La tercera de las mencionadas fue presencia constante en mi niñez, y mis comienzos juveniles. Las otras amables testificaciones amistosas del vecindario.  Socorro Guillén Quintero de Berrizbeitia, la infatigable viajera y gentil madre tuya, y la mía, Dolores Madriz Otero de León, fueron condiscípulas e íntimas amigas.
            Toda esa vinculación fraterna, efusiva y sincera, salvando distancias urbanas y estrechando cercanías, se agrupaba en Santa Inés alrededor de la iglesia del mismo nombre que asienta sobre la maciza oleada de cemento de las escalinatas. Las construyó el Gobierno Nacional cuando el doctor Rojas Paúl fue Presidente de la República quien igualmente ofrendó a Cumaná la estatua de Antonio José de Sucre, el General cumanés que bajo los supremos auspicios del Libertador selló en Ayacucho, en el remoto Perú, el heroico proceso de la Emancipación Suramericana.
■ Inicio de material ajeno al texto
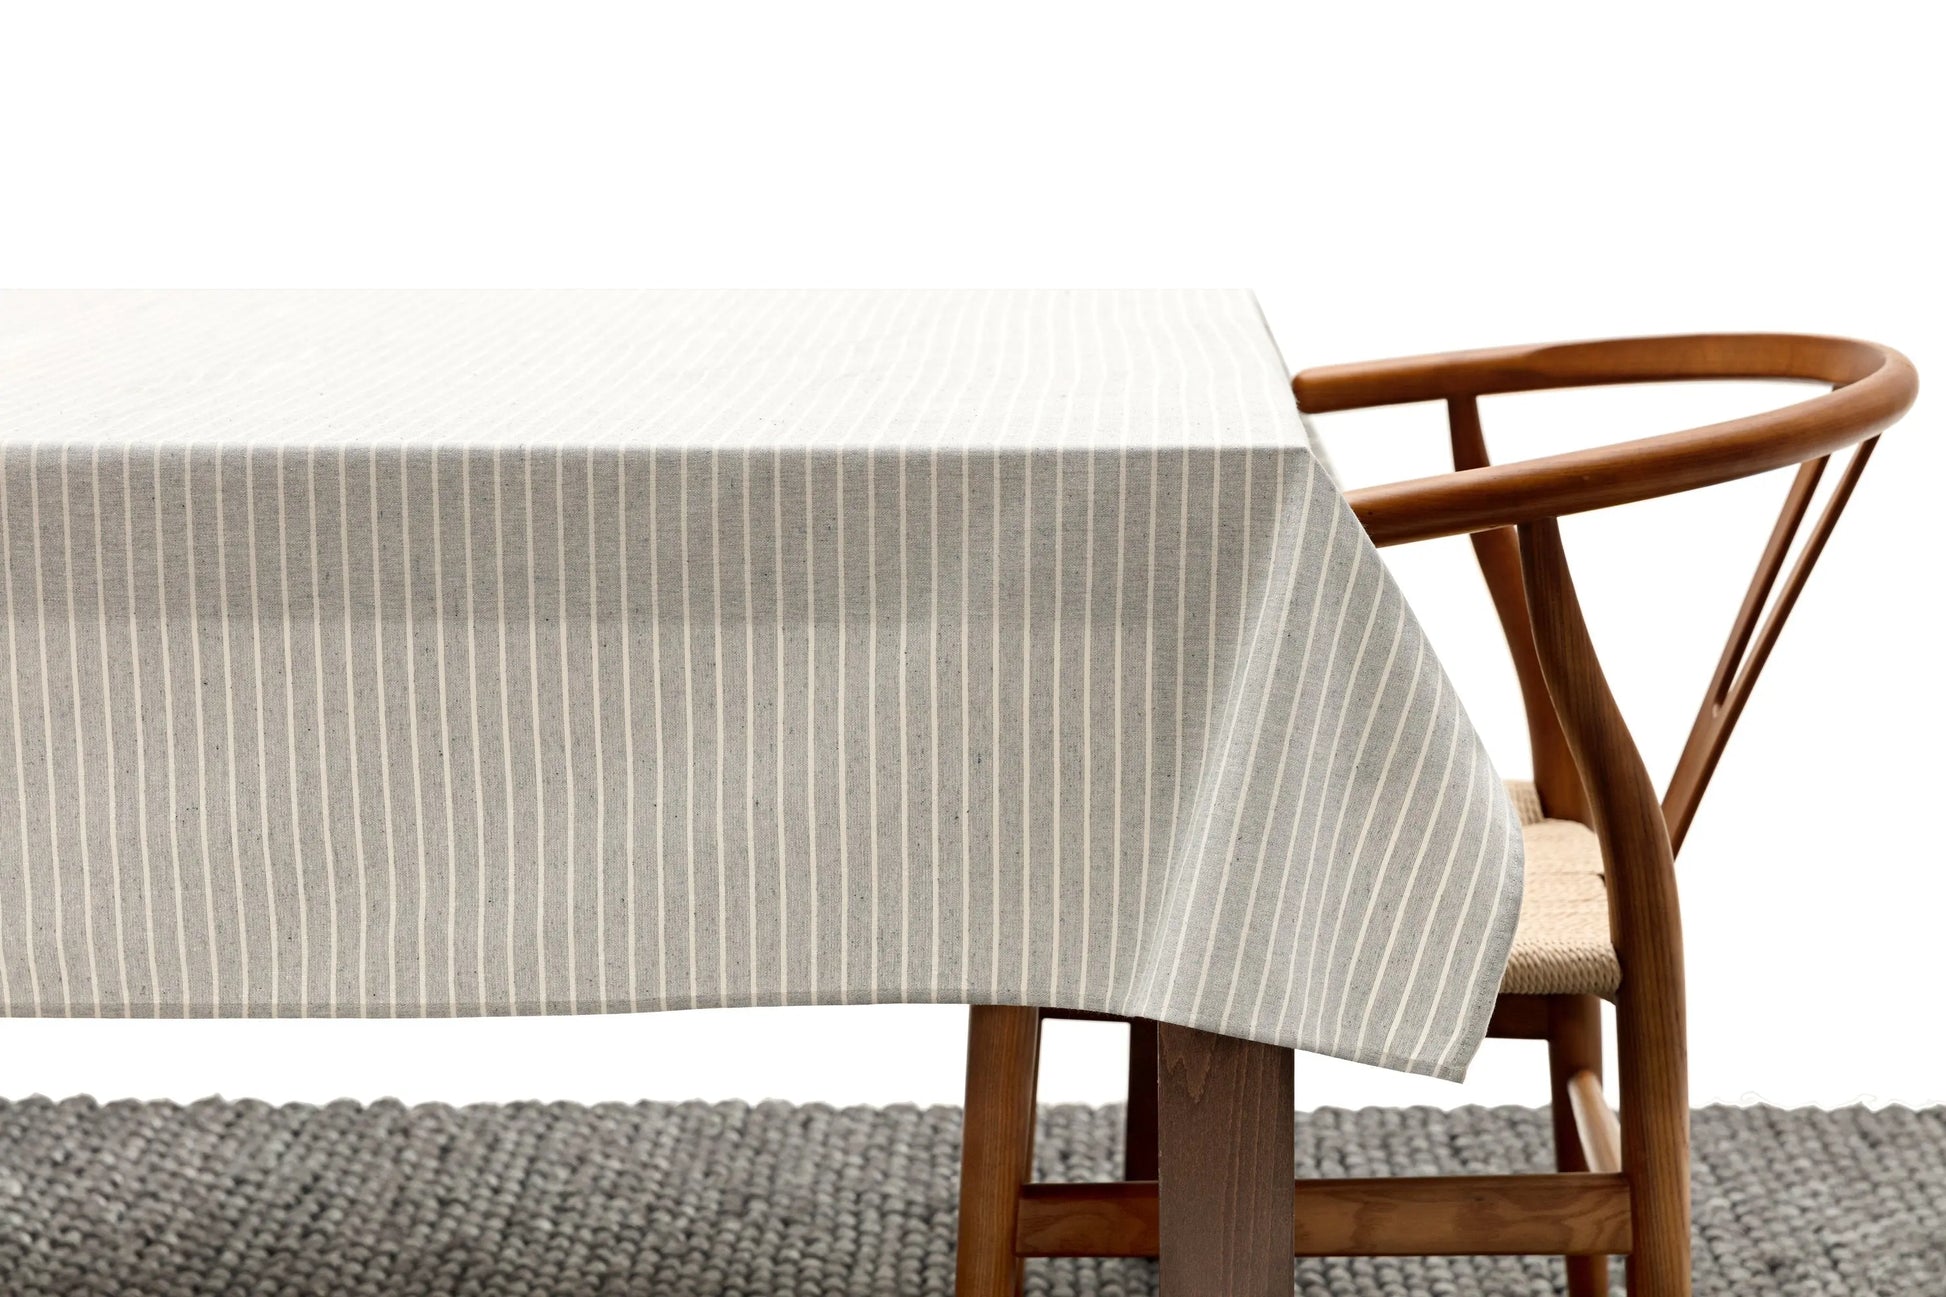 MEEMA Tablecloth / Grey Striped | Upcycled Cotton MEEMA

Y en lo que toca a cumanesas jóvenes de los tres primeros lustros del siglo, he de mencionar, entre las que recuerdo, once de las más bellas y gentiles de ambas Parroquias: Enma y María Pérez Alvins, Himeria Martínez Picornell, María Badaracco Bermúdez, Rosa Alarcón Mejía, Mónica Cova Cabello, Juanita Hernández Ayala, María Bossio Márquez, Mercedes María Forjonell, Mercedes Madriz Sucre, y María Malaret Coello. Poetas del terruño les ofrendaron románticos y apasionados versos; compositores cumaneses les dedicaron sugerentes y ensoñadores valses…
 Igual ambiente de fraternidad, pese a ingenuas divergencias políticas, privaba en Altagracia en torno al Templo de la misma advocación donde la excelsa Madre del Salvador extendía su sacrosanto amparo a los lejanos caseríos que se acostaban a trecho demorados en las calcinadas sabanas que discurren hacia Cerro Colorado, San Luis y El Dique, paraje donde el Manzanares penetra silenciosamente en el mar… Para hacer recuento de la ilimitada porción entre urbana, campesina y pesquera de aquella Cumaná de mi niñez y mi adolescencia, el censo de la gente sencilla, servicial y consecuente en la que abundaban los apellidos de los conquistadores y de los varones que erigieron la Colonia, sería faena interminable…Vivía en los apartados aledaños parroquiales y en las porciones playeras que iban, río de por medio, desde Los Bordones hacia Caigüire y el Peñón, abrazando a el Salado, Las Palomas, El Barbudo, El Castillito, las afueras de Chiclana, Toporo, Canta-Rana, Perro-Seco y la Boca del Monte… Esas agrupaciones estaban integradas por hombres y mujeres de trato cordial, hospitalarias, ingénitamente desinteresados, leales y bien dispuestos. Y lo mismo ocurría en Quetepe y en Cerro de la Línea: el primero, curioso rincón vecinal ubicado en céntrica parte santinesera, el otro en los extremos de San Francisco, para bajar a Las Charas…
El esplendoroso encanto de los parajes costeños cumaneses se hacía más penetrante despues de terminado un “lance de pesca”, cuando arribaban las piraguas. Servía de escenario al agitado espectáculo la arenosa extensión playera caldeada por el sol. A los “Chinchorros” rebosantes, iban acudiendo entre la alborozada gritería de los marineros y los pescadores del “tren”, el gentío vecinal compuesto de hombres, mujeres y muchachos aglomerados en el sitio.  Hecha la selección y reparto del producto destinado al Mercado de la ciudad, el que se acomodaba en las “bateas”, estas eran inmediatament4e izadas a la cabeza de las vendedoras. Despues, como epílogo, se distribuía generosamente entre carcajadas y algazaras “el guatan” o sea la cantidad de peces de distintas especies sobrantes en el fondo de las redes. El vecindario aseguraba así, a título gracioso, las necesidades del día y hasta el abastecimiento del siguiente… Cuando el exceso de arrobas obtenidas sobrepasaba la demanda del pescado fresco se procedía a su salazón. Era otro cuadro lleno de actividad, y de luz y colorido. 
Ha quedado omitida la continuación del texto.